→ **Assigned task**: The response should consist only of the lines from the one with "Method and system" to the end of the data below, copied exactly and without pictures.

(Given data begins)

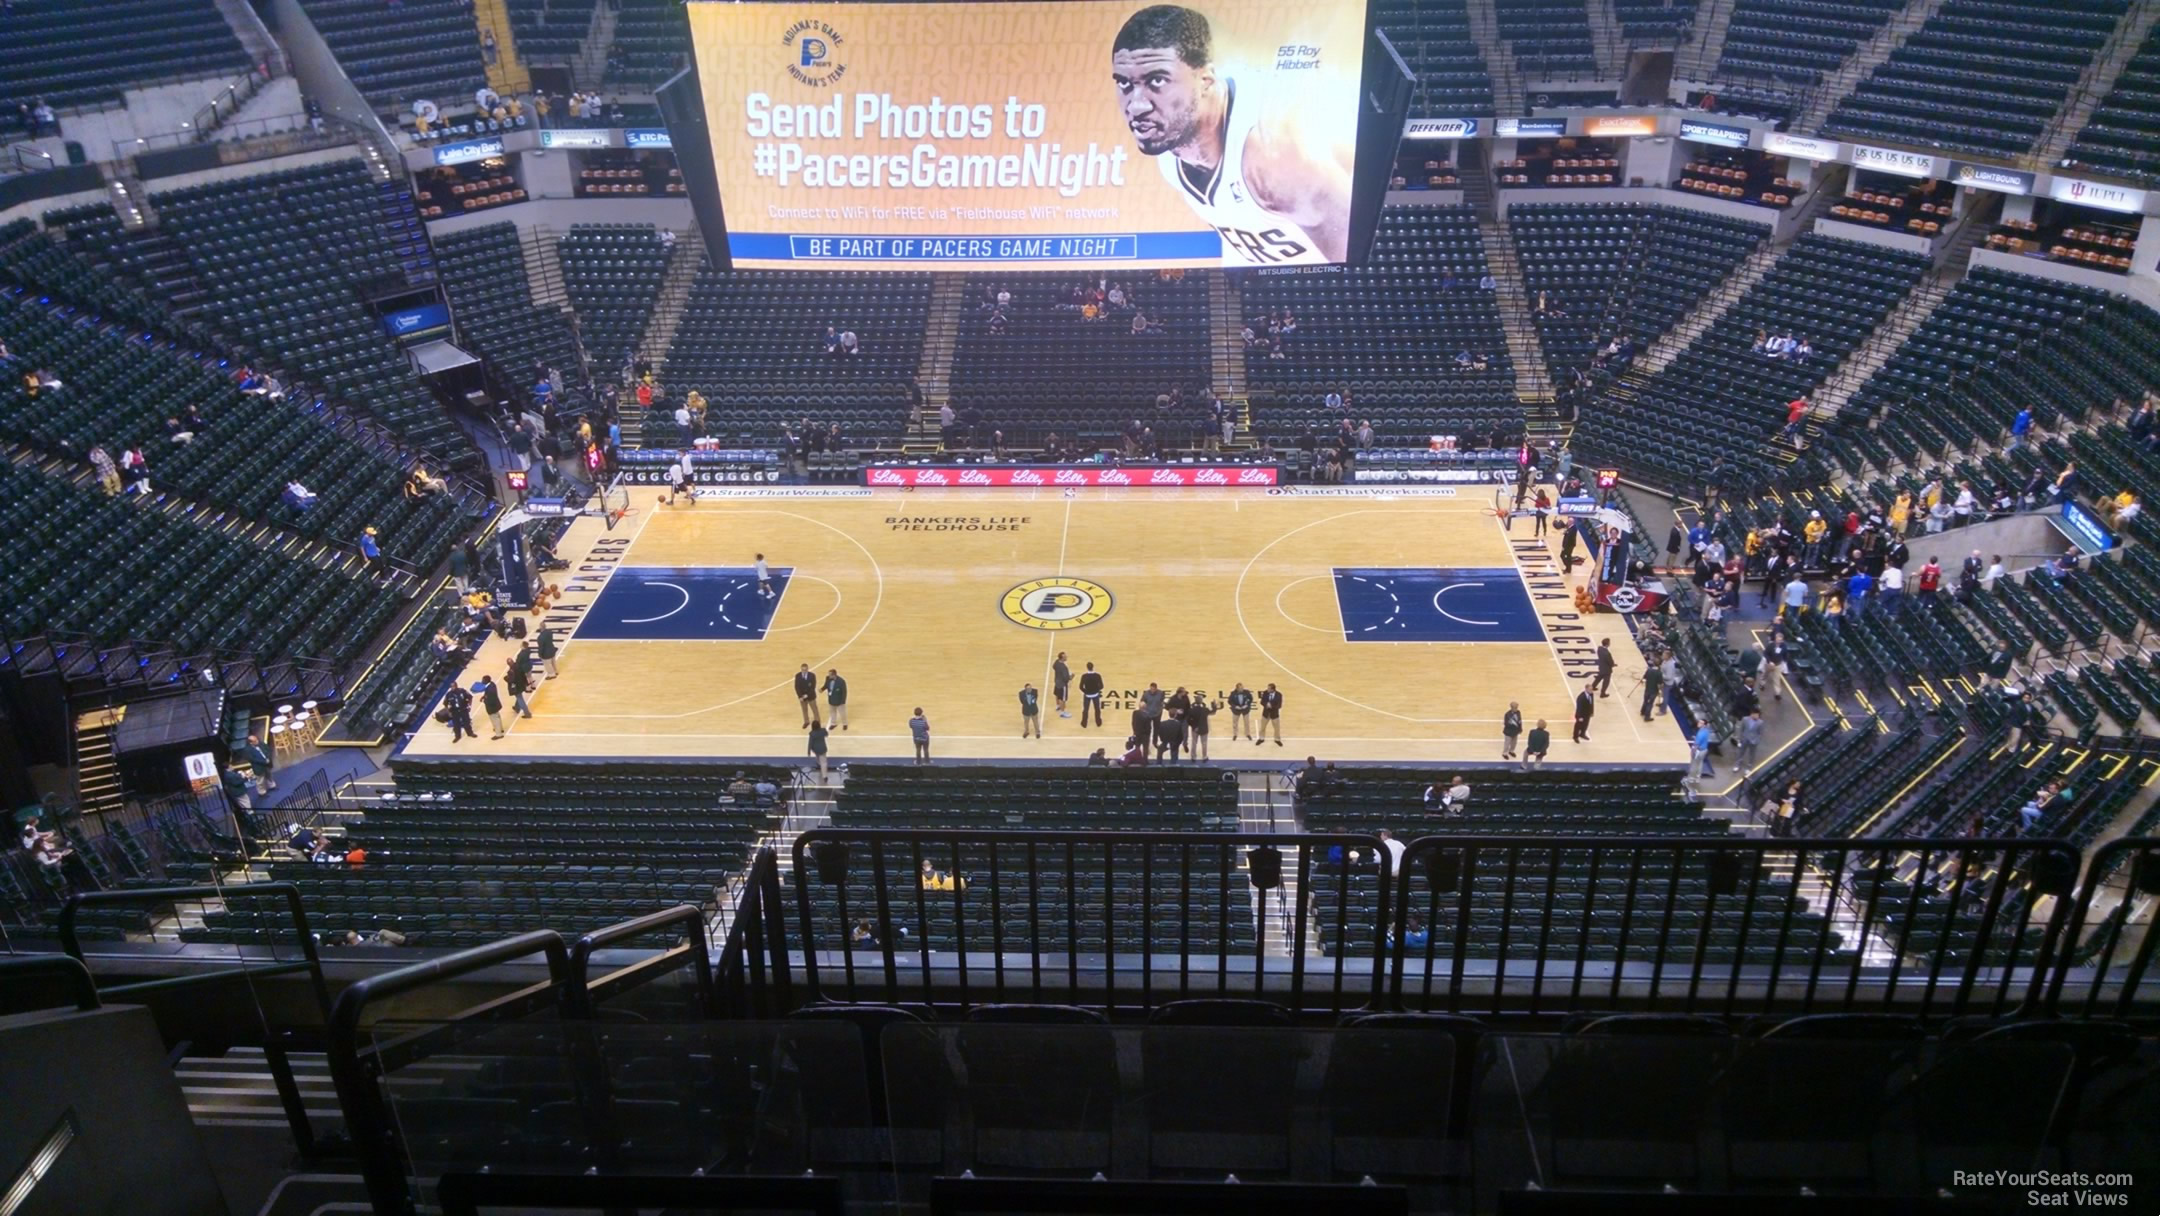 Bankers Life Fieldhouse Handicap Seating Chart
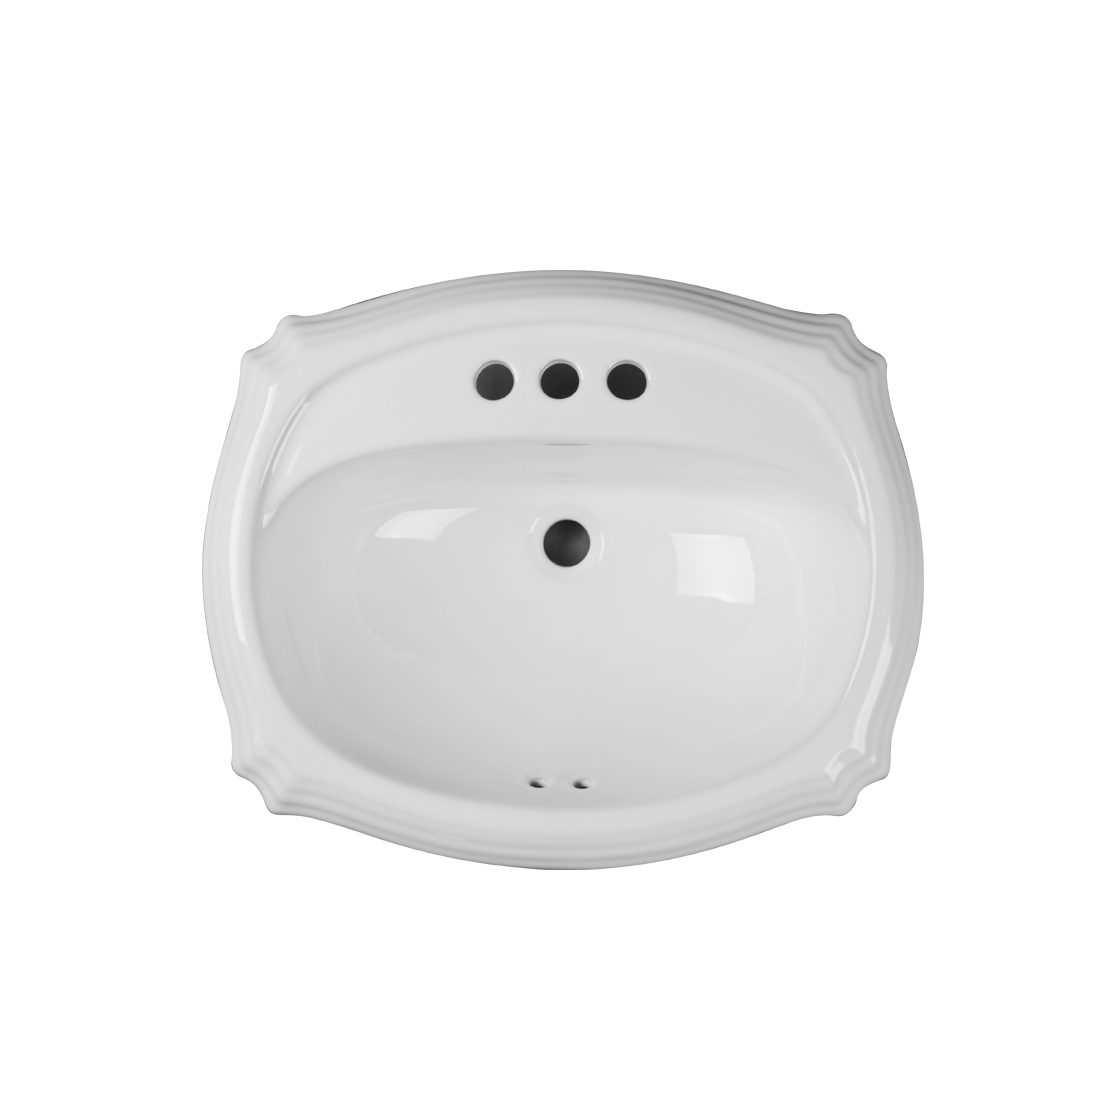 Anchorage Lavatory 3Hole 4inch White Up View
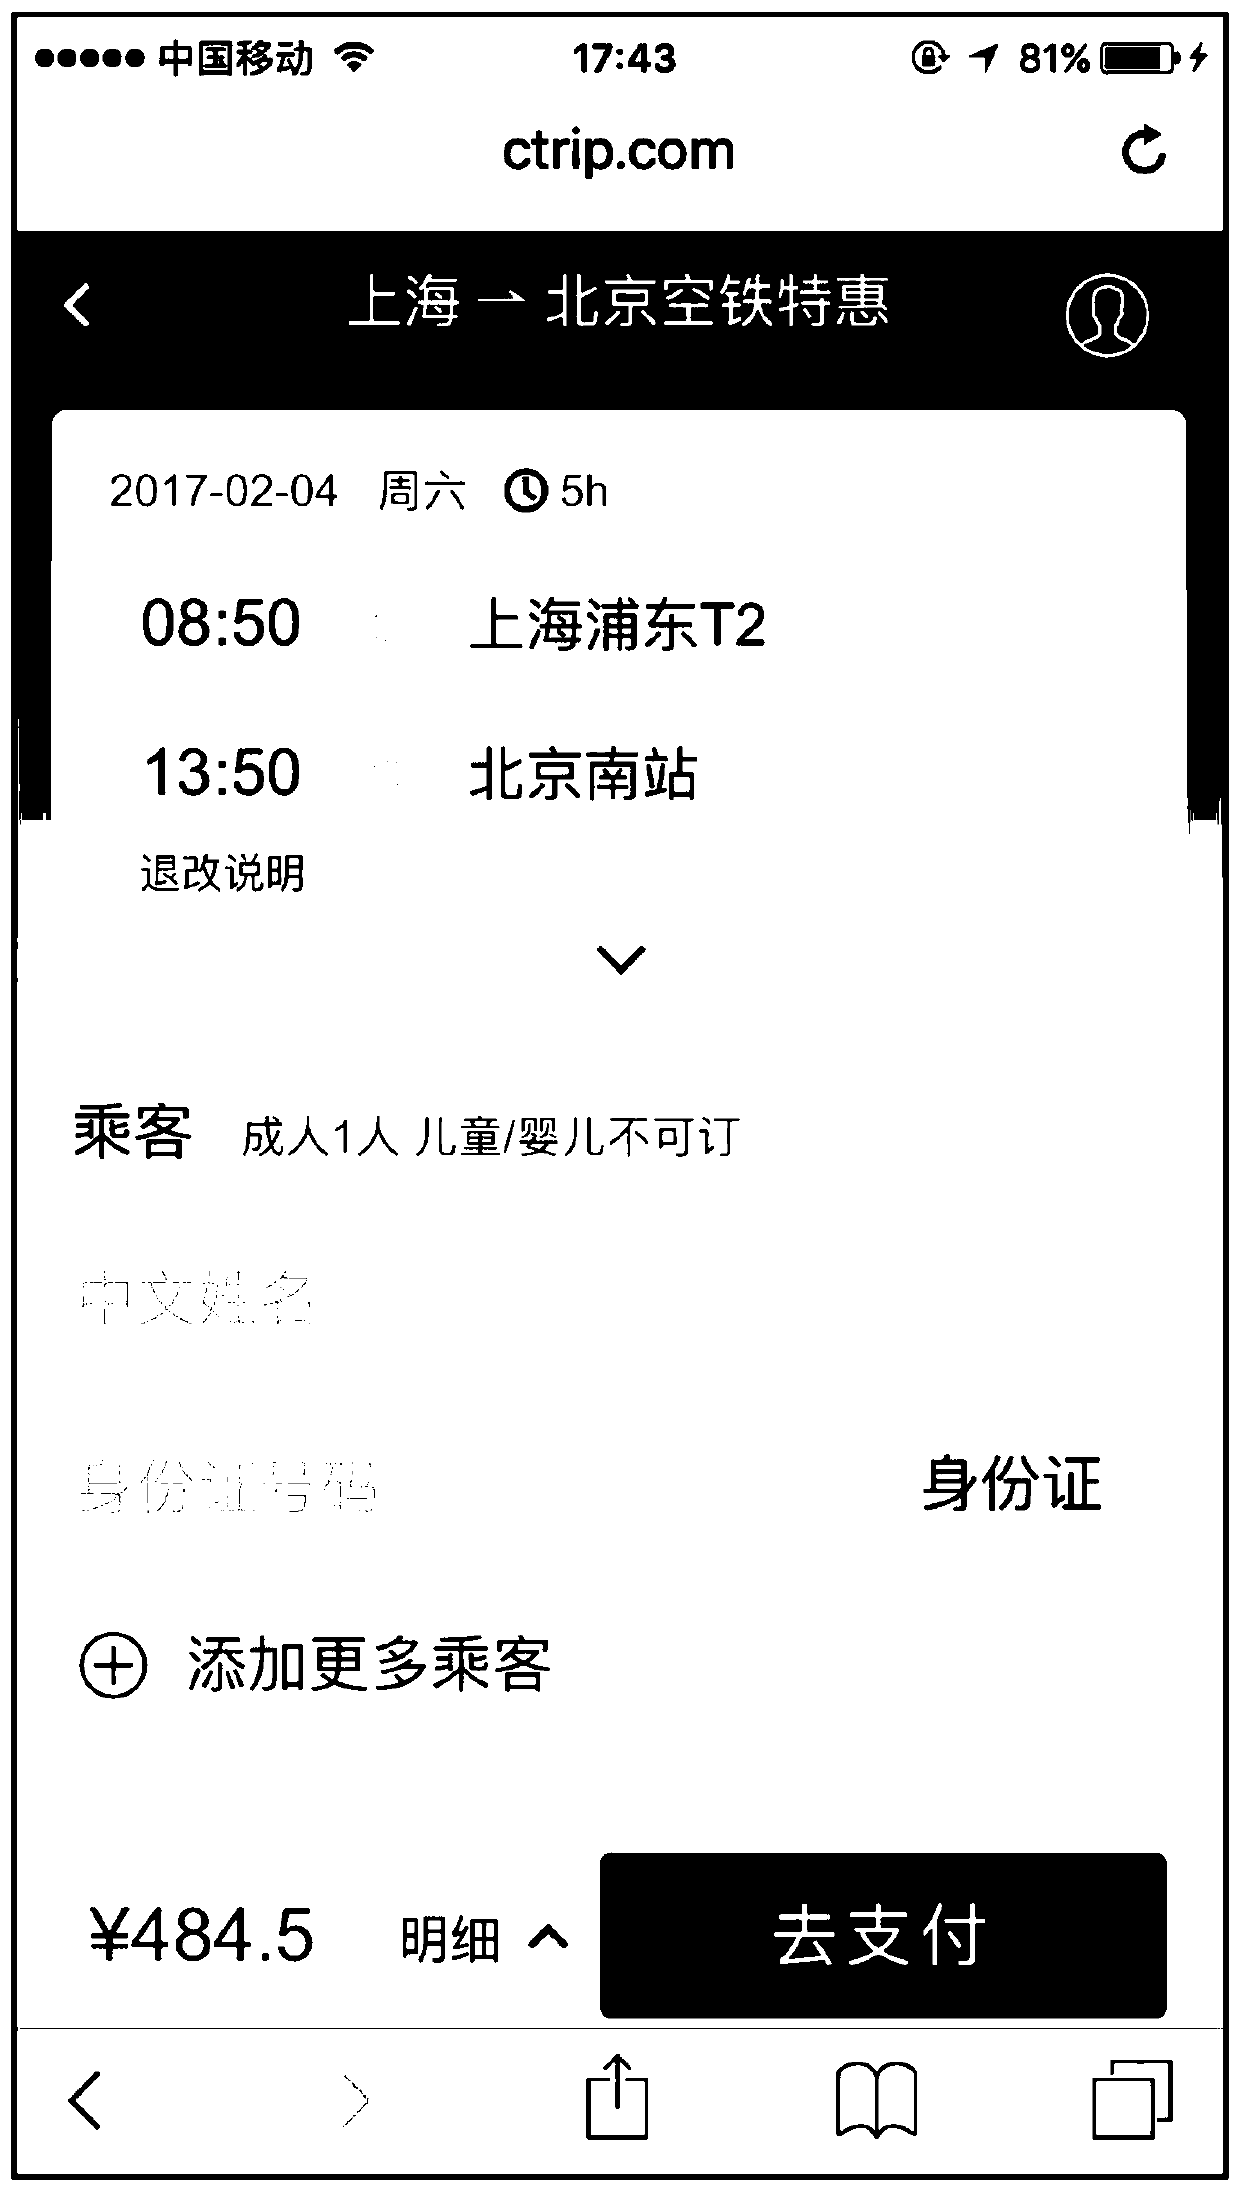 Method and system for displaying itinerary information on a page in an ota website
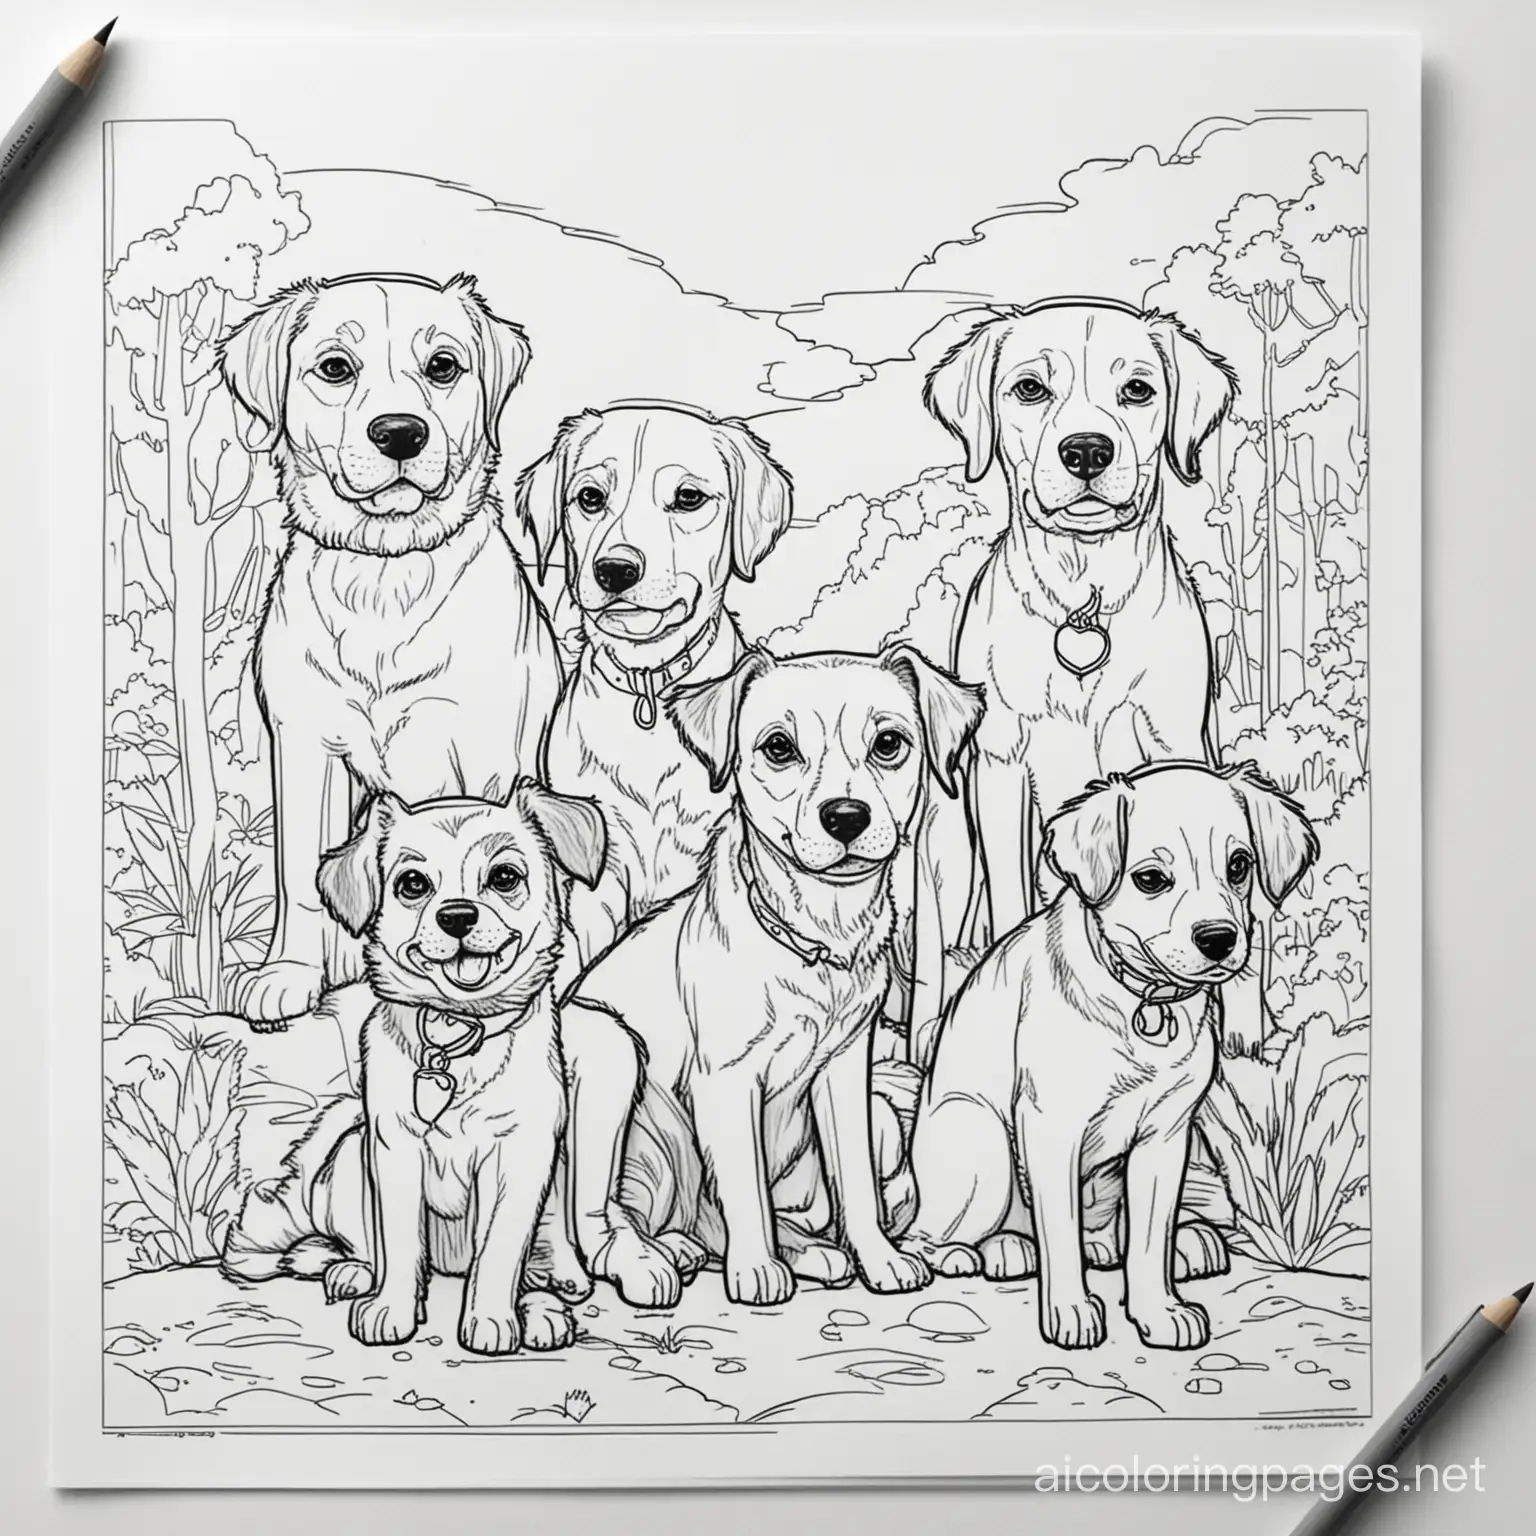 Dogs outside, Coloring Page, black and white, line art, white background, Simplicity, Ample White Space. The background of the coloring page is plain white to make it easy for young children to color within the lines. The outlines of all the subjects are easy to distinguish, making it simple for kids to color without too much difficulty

(Given data ends)

→ **Exercise response**:
 Method and system for displaying itinerary information on a page in an ota website
 Dogs outside, Coloring Page, black and white, line art, white background, Simplicity, Ample White Space. The background of the coloring page is plain white to make it easy for young children to color within the lines. The outlines of all the subjects are easy to distinguish, making it simple for kids to color without too much difficulty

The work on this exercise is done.